Insulation resistance tester with high voltage DC power supply 1 Introduction When a DC voltage acts on an insulator, the resulting current is composed of a charging current, an absorption current, and a leakage current. The charging current and the absorption current decrease from time to time, and only the leakage current and No time.

The insulation resistance test is to measure the leakage current value of the electrical equipment through the meter. Usually the meter displays this current value as the insulation resistance value (MΩ). In order to reduce the influence of the initial charge current, the insulation resistance value after 1 min of pressurization is generally taken as the measurement value R60; if the value R15 of 15 s is read at the same time, the absorption ratio K=R60/R15 can be calculated. The comparisons reflect the local defects of large-scale power transformers are more sensitive, such as the transformer oil containing moisture, local weaknesses or dirt in the casing and coils.

Insulation resistance and absorption ratio are all sensitive indicators to judge whether the insulator is damp.

Insulation resistance test instrument used is mainly megohmmeter, commonly known as shaking table. Traditional megohmmeters have 500V, 1000V, and 2500V DC voltages emitted from hand-cranked generators. The measurement range of insulation resistance varies depending on the megohmmeter type. Different types or voltage grades should be selected according to requirements. Megohmmeter. When using the hand-type megohmmeter, the user should also keep the hand cranking speed at the rated rotation speed of 120r/min. Therefore, it is inconvenient to use it.

The portable insulation resistance tester mentioned in this article is powered by a 12V battery. The single-ended flyback switching power supply can generate stable 500V, 1000V, 1500V, 2000V and 2500V series voltages. The SCM system also performs measurement sampling, data processing and display. control. With a small size, light weight, fast response and so on. The following mainly introduces the circuit principle and manufacturing method of its power supply.

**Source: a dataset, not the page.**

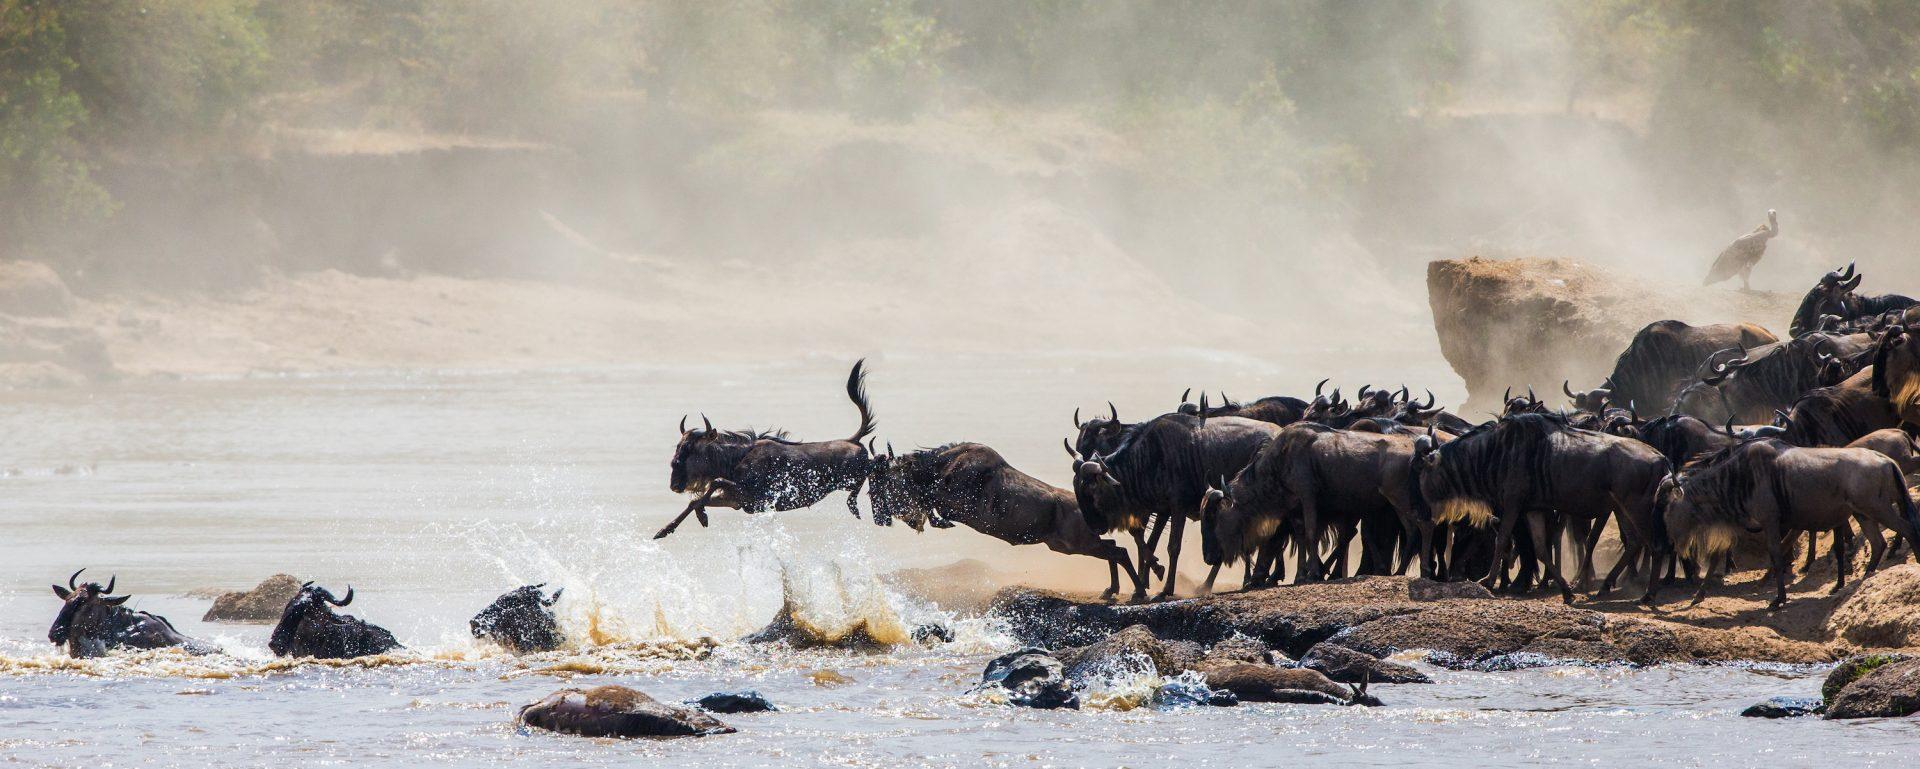 Tanzania Wildebeest Migration - Serengeti

2 The composition and working principle of the power circuit Figure 1 shows the circuit principle of the high voltage DC power supply for the digital insulation resistance tester. The power supply is a 12V battery, and it is still required to ensure the normal operation of the system when the voltage is above 10V. The switching device uses the TWH8751 type switch integrated circuit. For the characteristics of small circuit output power, high output voltage, and small size, a single-ended flyback converter topology is used. The secondary windings of high-frequency switching transformers have five groups corresponding to 500V, 1000V, 1500V, 2000V and 2500V DC. The tap can be selected by the user according to the needs of the multi-shot knob switch gear to switch the secondary winding tap and the corresponding output voltage sampling resistor at the same time. According to the sampling of the output voltage and current, the control circuit will change the conduction width of the switching device in time so as to stably output the desired voltage and provide over-voltage over-current protection.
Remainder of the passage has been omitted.